小池都政が掲げる「東京大改革」について、より広範囲に捉えた真の改革を論じた本があります。
本日紹介するのは、東京都庁企画審議室などに16年勤務した後、大学教授に転身して、現在は中央大学教授の佐々木信夫さんが書いた、こちらの新刊新書です。
佐々木信夫『老いる東京』(角川新書)
この本は、小池都知事が掲げる「都政の見える化」だけではなく、以下の3つの「東京大改革」を提唱している書です。
◆ 都政の体質改善
◆ 都政本来の政策推進
◆ 東京の都市内分離
本書は以下の8部構成から成っています。
1.なぜ「第3の東京論」なのか
2.人口減少による構造的な問題
3.東京の構造をどう変えるのか
4.老いる東京「少子高齢化」の罠
5.東京の働き方改革、人間福祉
6.劣化する東京の「都市インフラ」
7.ニュータウンの落日、再生
8.これからの日本をどうする
本書の冒頭で著者は、これまで論じられてきた2つの東京論、すなわち、①国際社会における東京の地位低下、②国内社会における東京一極集中、とは違った「第3の東京問題」を指摘しています。

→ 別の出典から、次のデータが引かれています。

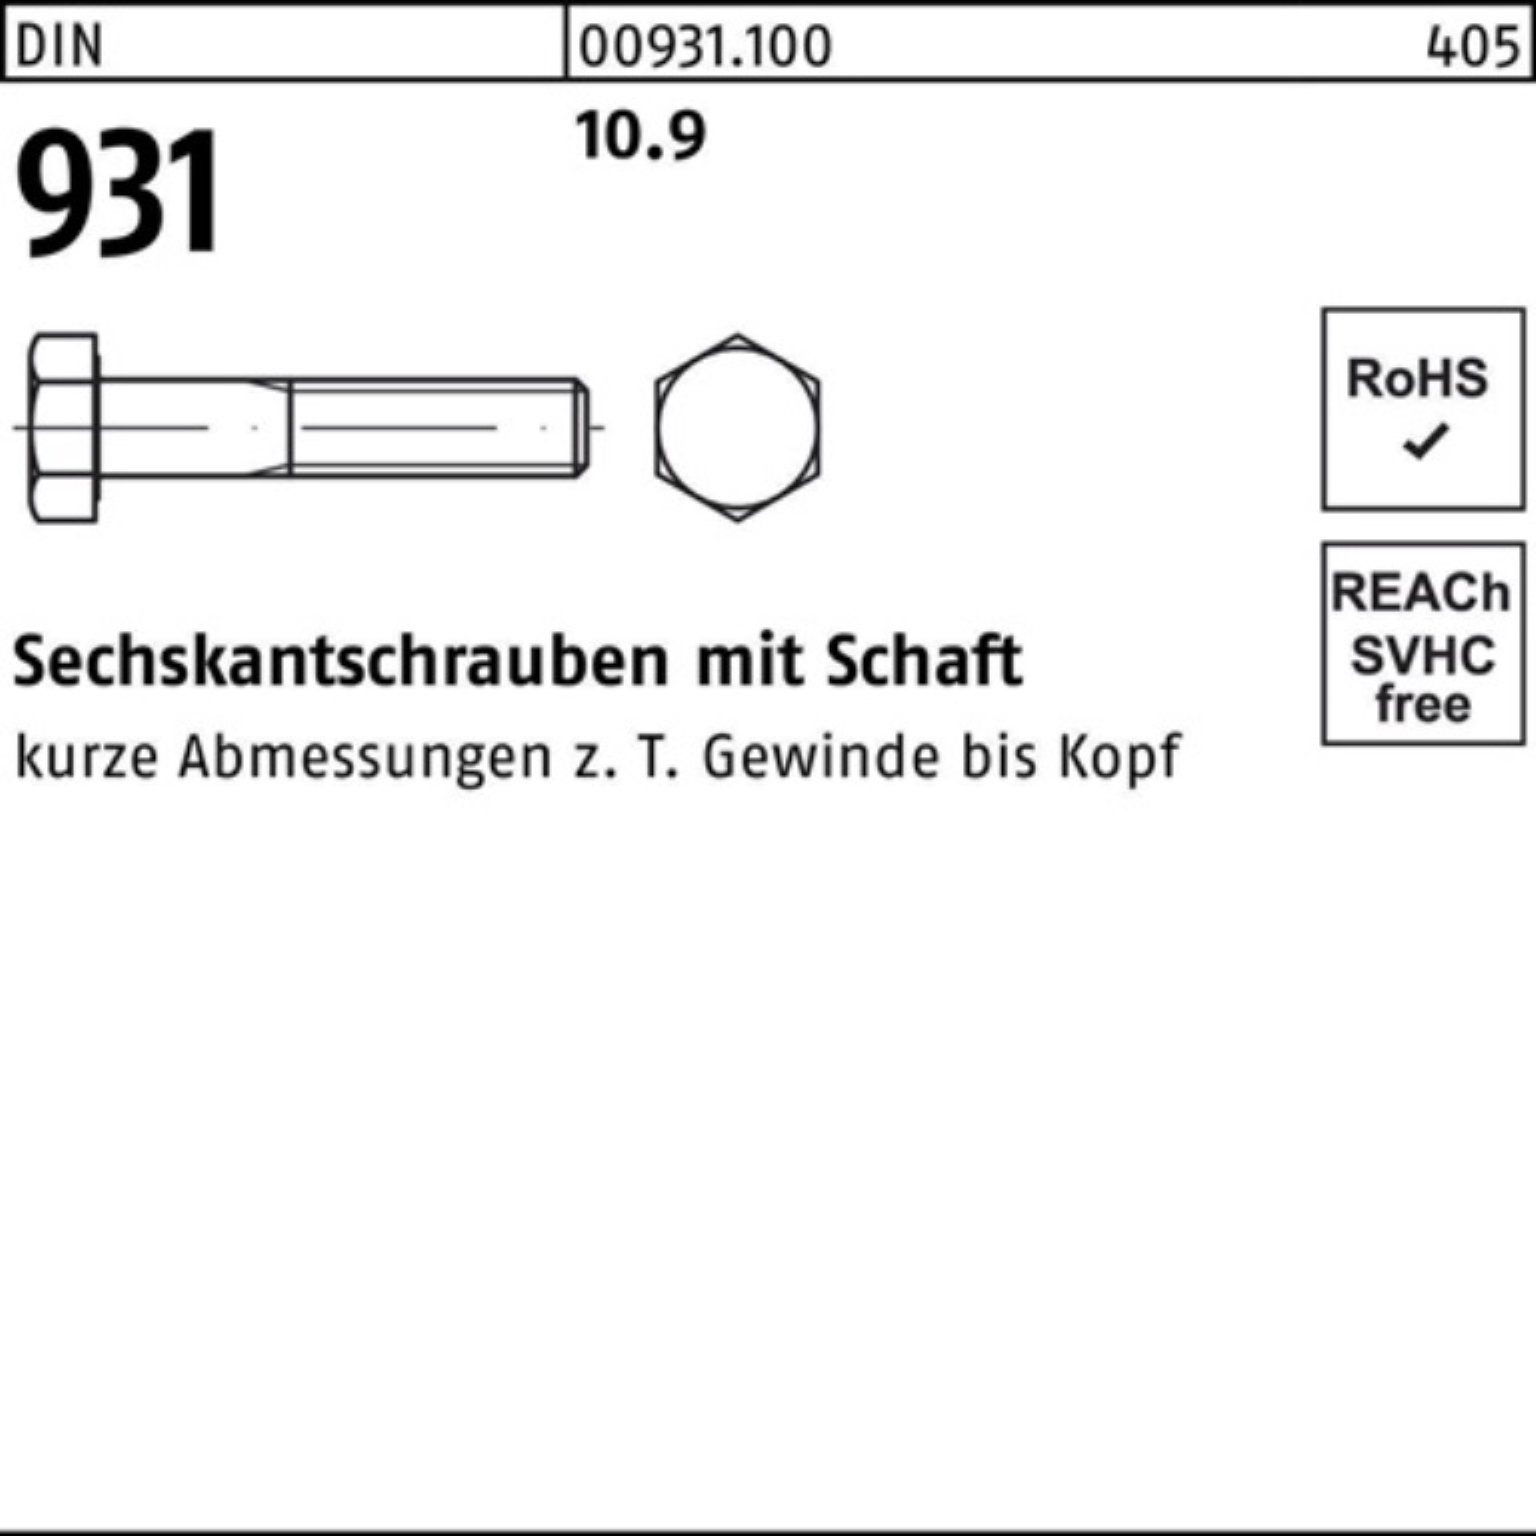 Reyher Sechskantschraube 100er 1 Stück Pack M30x DIN Schaft 931 Sechskantschraube 10.9 DIN 140

それは、東京の内部構造に大きな変化が起きていることに焦点を当てたもので、「老いる東京」、「劣化する東京」を問題視する見方です。
都市自治体にはつねに、経済優先か生活優先かという課題があり、2020年の東京オリンピック開催に向けて現在は、経済優先に傾きつつある東京ですが、「老いる東京」の面への無防備が一気に問題として噴出してきている、と本書では述べています。
人口減少と少子高齢化が進む日本では、現在10歳の子供たちの半数は100歳以上まで生きる「人生100年時代」が到来しています。
そうした中で、最も人口の多い東京の「生活都市」の面を重視しないと、1300万人が暮らす東京が成り立たなくなる可能性が高い、と著者は言います。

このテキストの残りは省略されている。